Religione e storia: la lezione di Angelo Brelich

di Giorgio Ferri, Roma

 

Angelo Brelich succedette a Raffaele Pettazzoni nel 1958 nella cattedra di Storia delle Religioni dell’Università di Roma “La Sapienza”, la prima (assegnata nel 1924) e fino a quel momento l’unica dedicata allo studio della religione in senso laico e scientifico in Italia. La “novità” costituita dall’insegnamento aveva a suo tempo attirato su Pettazzoni l’ostilità sia della cultura laica del tempo, capeggiata da Benedetto Croce, sia di quella facente riferimento alle sfere culturali vaticane che, per fare un esempio, nel 1955 osteggiò aspramente l’organizzazione dell’VIII Congresso Internazionale di Storia delle Religioni a Roma. Brelich si trovò quindi a raccogliere un’eredità oltremodo ingombrante, tuttavia seppe dimostrarsi all’altezza delle aspettative.

Ma cos’è esattamente la storia delle religioni? Bisogna subito sgombrare il campo da possibili equivoci: la disciplina ha sì come oggetto di studio le religioni, ma da una prospettiva diametralmente opposta a quella della teologia. L’approccio è, infatti, prettamente storicistico, nel senso del «carattere irriducibilmente storico di ogni formazione religiosa»1. La religione è considerata esclusivamente all’interno della storia, escludendone qualsiasi elemento fideistico o trascendente, quale espressione della peculiare cultura di una società che la “sviluppa” per dialogare con il mondo circostante, personalizzandone il lato concepito come incontrollabile, quello dei fenomeni naturali, ma anche come “reazione” alle esperienze propriamente umane e anch’esse non controllabili quali la malattia o la morte.
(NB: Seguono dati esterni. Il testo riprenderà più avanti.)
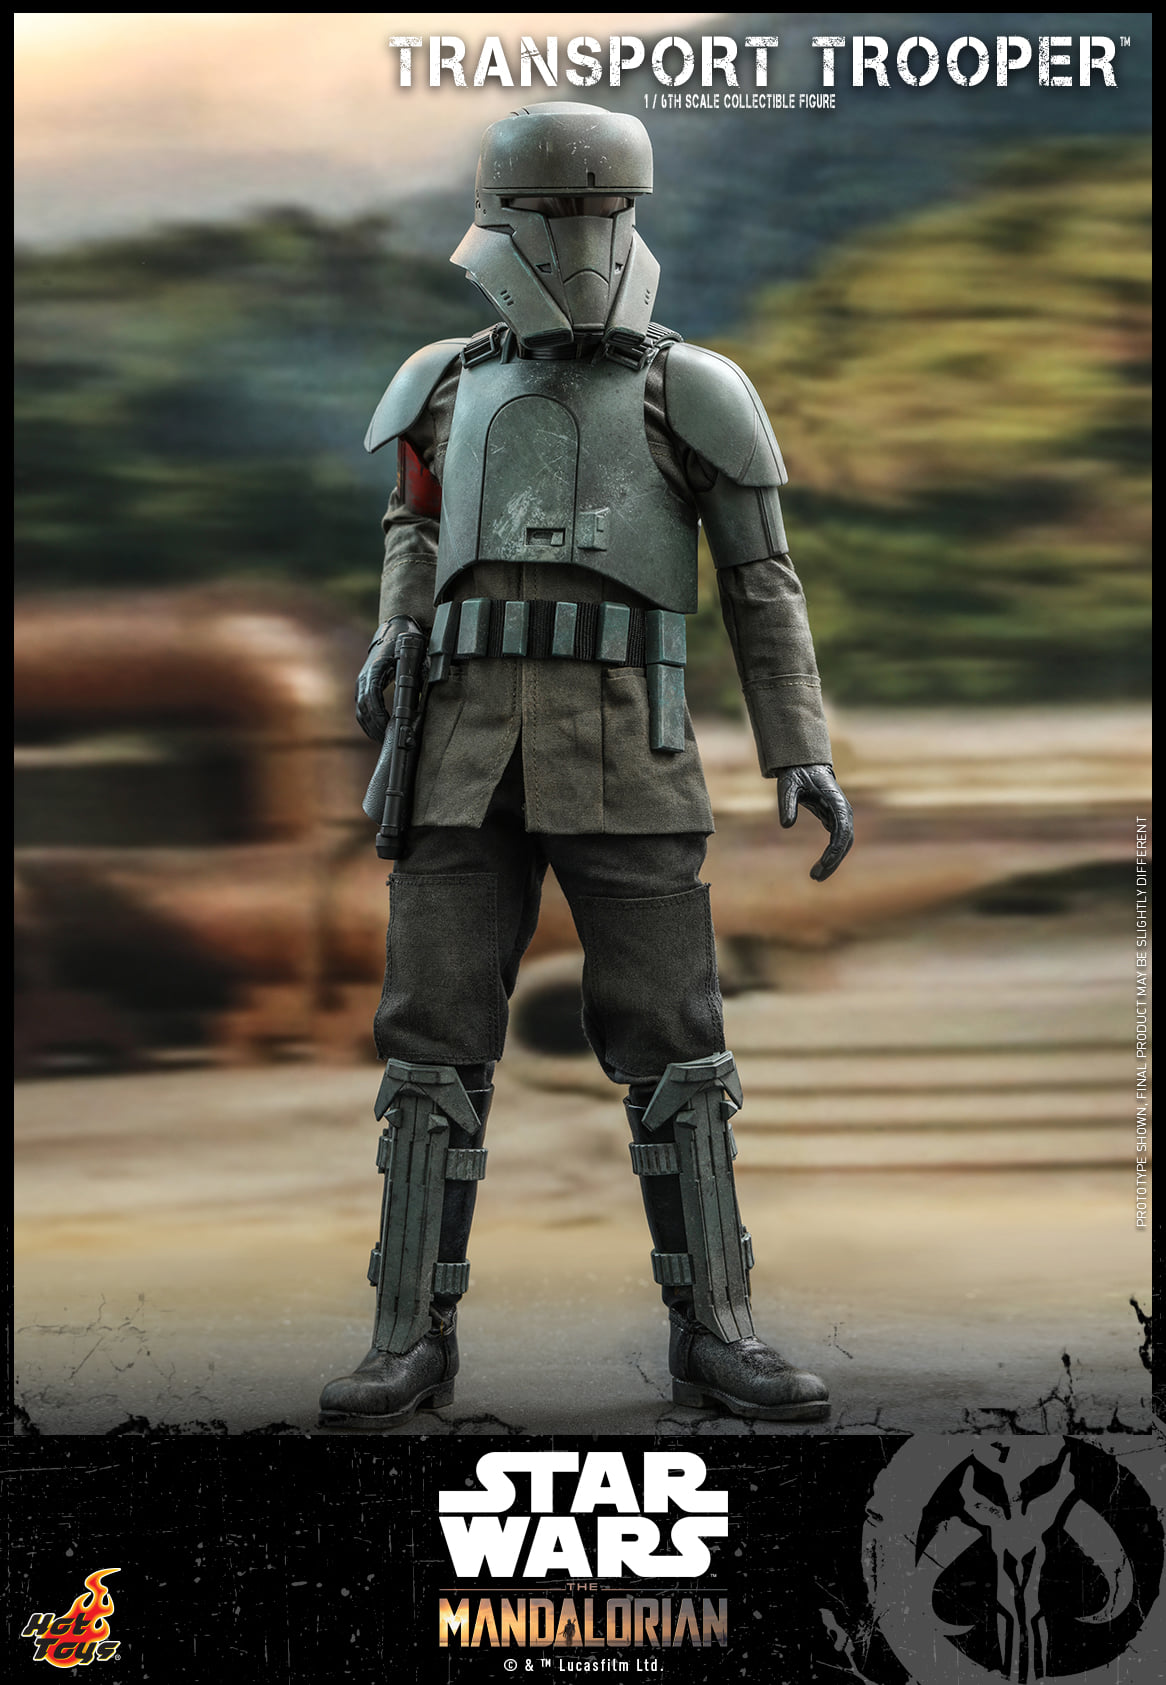 Hot Toys Star Wars Mandalorian Transport Trooper Sixth Scale Figure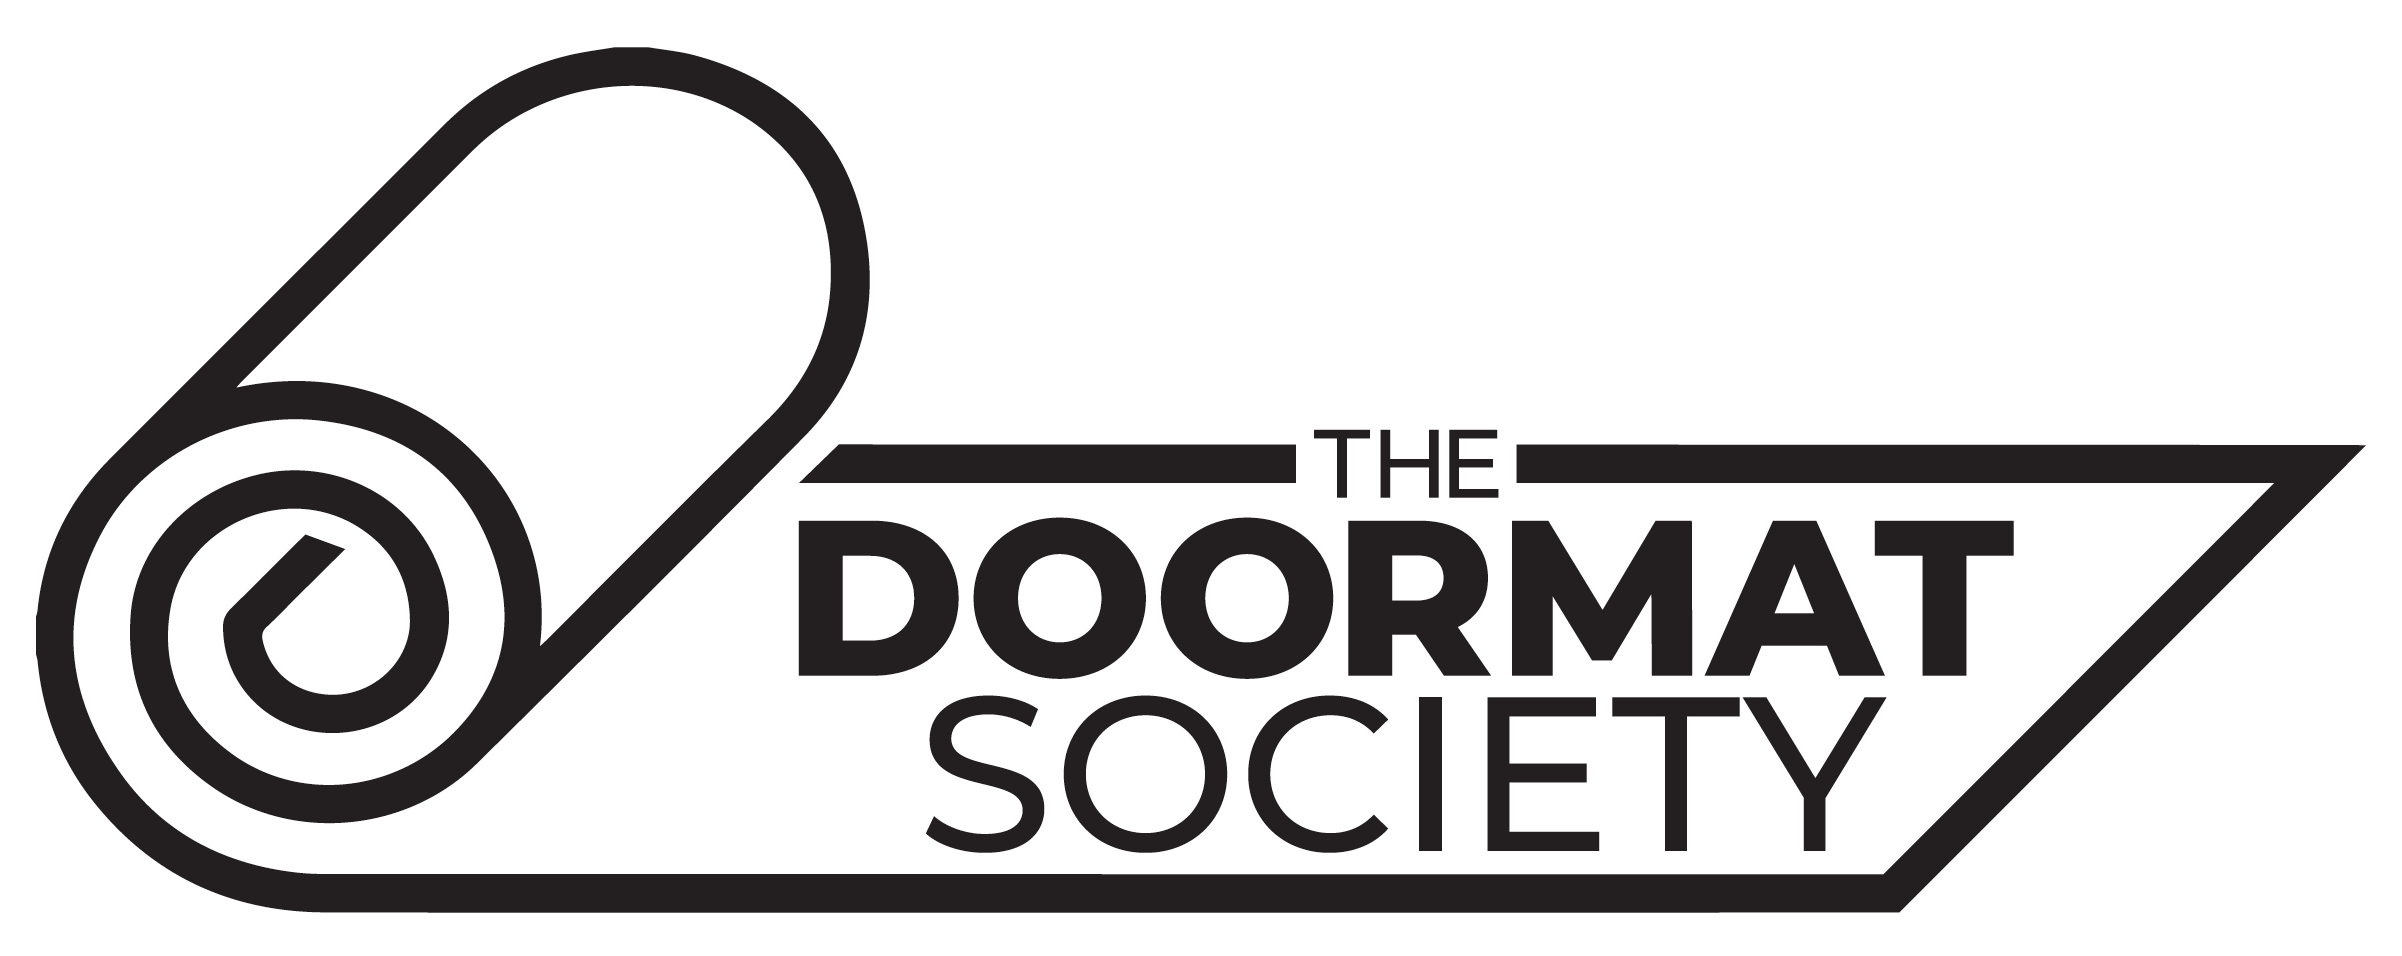 The Doormat Society

Si possono pertanto definire “religioni” «quei complessi di istituzioni, credenze, azioni, forme di comportamento e organizzazione mediante la cui creazione, conservazione e modifiche adeguate a nuove situazioni, singole società umane cercano di regolare e di tutelare la propria posizione in un mondo inteso come essenzialmente non-umano, sottraendone, investendo di valori e includendo in rapporti umani quanto ad esse appare d’importanza esistenziale»2.

Naturalmente il nostro concetto di “religione” è esso stesso un prodotto storico occidentale, influenzato strutturalmente dal Cristianesimo, le cui componenti principali: delle credenze, dei riti, un comportamento, un personale specializzato non sono allo stesso tempo (tutte) presenti in un’altra “religione”, o non la esauriscono, oppure non sono neanche paragonabili se non al prezzo di inevitabili forzature. Tutte queste considerazioni portano senz’altro a concludere che vi sono tante “religioni”, non “la” religione. La religione non è stata e non è «mai e in nessun luogo – un “dato di fatto”, né piovuto dal cielo per rivelazione né congenito alla natura umana né insito in una certa forma culturale, un dato di fatto di cui cambino solo, quasi secondariamente o casualmente, le forme superficiali, ma sempre e dovunque, come la cultura stessa, creazione continua»3. Anche le cosiddette «religioni universalistiche» (Cristianesimo, Buddhismo, ecc.) non possono essere comprese al di fuori delle configurazioni storico-culturali da cui hanno tratto origine.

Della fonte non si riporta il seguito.